Peristiwa perkawinan merupakan salah satu tahapan yang dianggap penting dalam hidup manusia dan telah dijalani selama berabad abad pada suatu kebudayaan dan komunitas agama. Sebagian orang menganggapnya sebagai peristiwa sakral, sebagaimana peristiwa kelahiran dan kematian, yang diusahakan hanya terjadi sekali dalam seumur hidup. Terdapat juga fungsi dan aturan dalam perkawinan  menurut ketiga agama tersebut yakni pertama, untuk menciptakan kedamaian dan keharmonisan diantara kedua pasangan. Tetapi yang menjadi permasalahan disini adalah, peran yang dimainkan perempuan sebagai istri apabila tidak sepenuhnya seperti apa yang  diinginkan, Seorang istri atau ibu tersebut dapat digambarkan sebagai orang yang tidak sempurna. Artinya, dia tidak memiliki hak atas kemandirian dan kebebasannya untuk peran sebagai ibu.  Kedua, perkawinan untuk melahirkan keturunan, dimana jika perempuan mengalami kemandulan akan dianggap tidak berguna dan mendapat cibiran. Ketiga, menghindari praktik hubungan seksual diluar nikah (zina). Apabila hal tersebut terjadi akan mendapatkan sanksi sosial dengan dipermalukan, secara fisik akan memperoleh stigma sebagai orang yang tidak bermoral. Karena fisik terdapat jejak seperti hilangnya keperawanan pada perempuan, yang selama ini biasanya lelaki dalam sistem patriarki melihat tolak ukur harga diri perempuan dari keperawanannya. Sementara keperjakaan lelaki tidak di permasalahkan, meskipun kedua nya memang harus dijaga sebelum perkawinan. Dalam hal ini yang banyak dirugikan yaitu perempuan, sehingga perempuan tidak memiliki kebebasan atas pilihan mereka dan tentu dirasa tidak adil.

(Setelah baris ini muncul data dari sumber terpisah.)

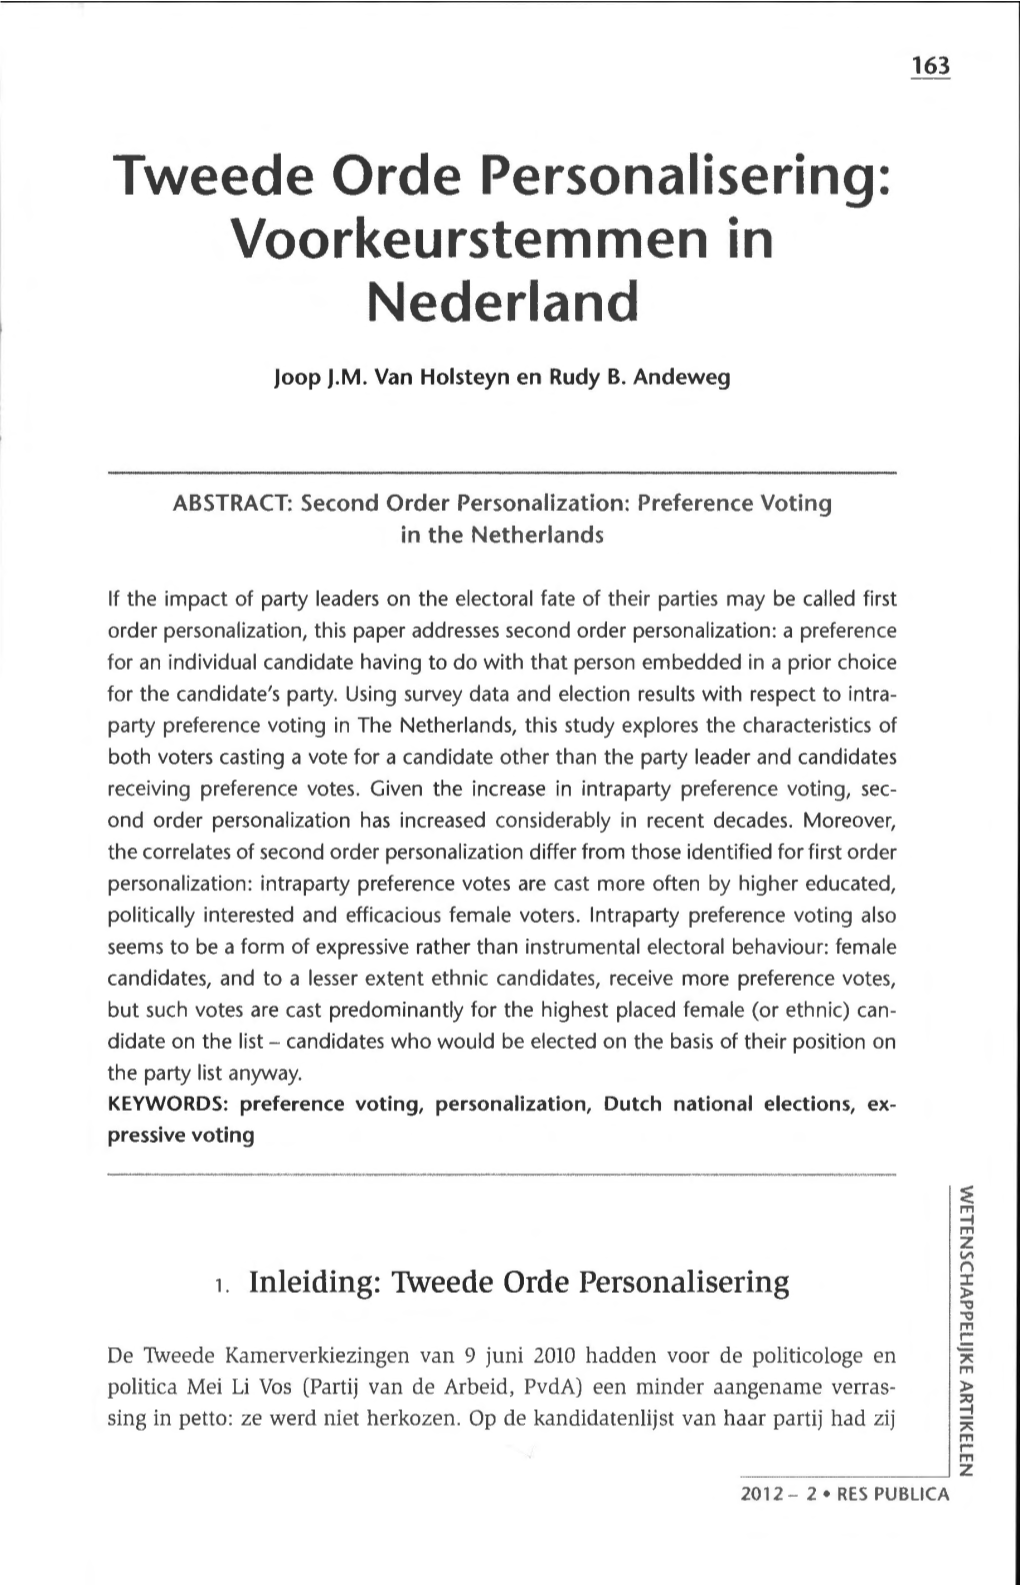 Tweede Orde Personalisering: Voorkeurstemmen in Nederland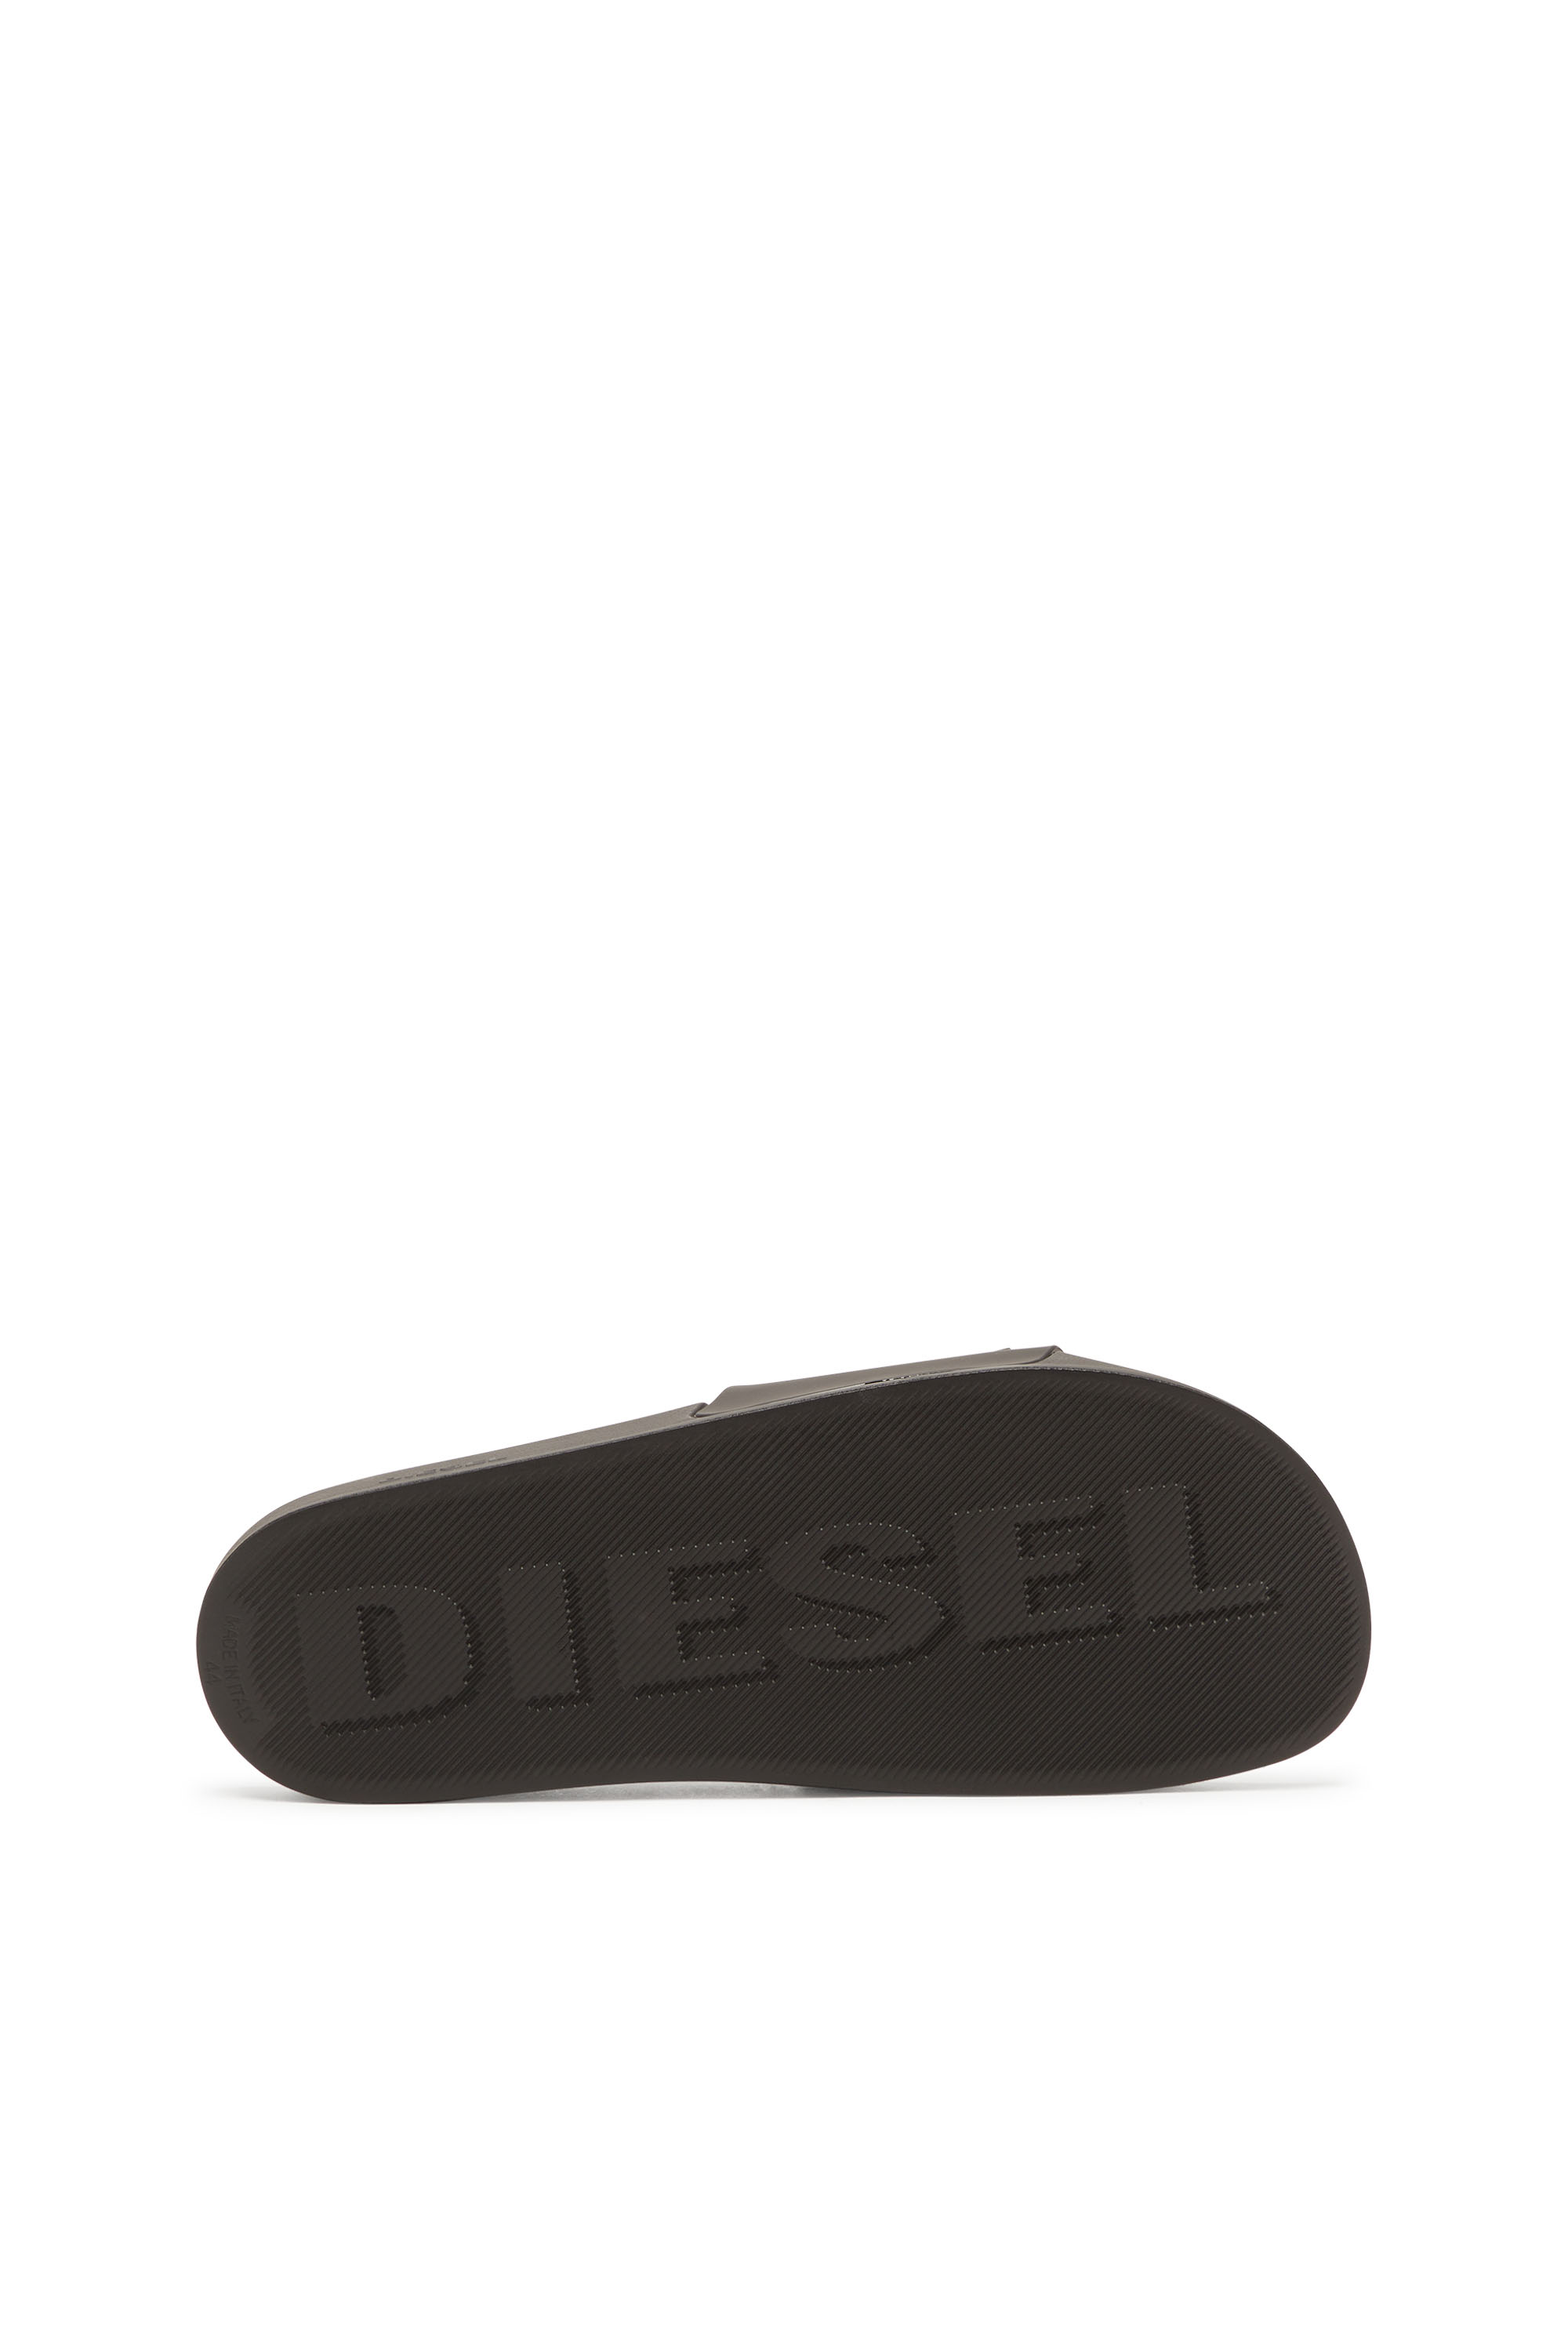 Diesel - SA-MAYEMI, Black - Image 4

Ketika hal ini terjadi, bukan tidak mungkin seorang pria memilih poligami sebagai bentuk ketidakpuasan terhadap istrinya. Poligami diartikan sebagai praktiki perkawinan yang dilakukan seorang lelaki yang yang memiliki istri lebih dari satu pada saat yang bersamaan. Poligami telah dilegalkan dalam sejarah Islam itu sendiri dan termasuk dalam syair Al-Qur'an "Qs. An-Nisa ayat 3". Para nabi pun melakukan poligami pada istri mereka, tetapi hal ini dimaksudkan untuk memecahkan masalah yang terjadi pada masa itu, dimana menikahkan janda atau para istri yang ditinggalkan oleh suaminya ketika di medan perang. Di Indonesia sendiri pun praktik poligami banyak dilakukan dan dilegalkan oleh hukum, asal dapat menjamin keperluan hidup istri dan anaknya.

Ziba Mir-Hosseini dalam pemikirannya tentang hukum keluarga muslim di Indonesia, ia mengkritik UU perkawinan no.1 tahun 1974 yang menurutnya memuat diskriminatif terhadap perempuan, terutama: 

1) pada kasus perkawinan, yang tidak memiliki aturan jelas mengenai pencatatan perkawinan (nikah siri), dan menempatkan perempuan pada posisi yang dirugikan; 

2) pengaturan pasal poligami, karena tidak adanya sanksi bagi pelaku poligami; 

3) pembakuan peran perempuan sebagai ibu rumah tangga dan laki-laki sebagai kepala keluarga yang dalam kenyataanya banyak perempuan yang menjadi kepala keluarga setelah kehilangan suaminya: 

4) usia perkawinan, untuk meminimalisir terjadinya perceraian dan kematian ibu muda; 

5) perkawinan beda agama, dimana terkadang ada yang tidak setuju untuk pindah agama dan memilih untuk memalsukan agama mereka atau menikah di luar negeri. 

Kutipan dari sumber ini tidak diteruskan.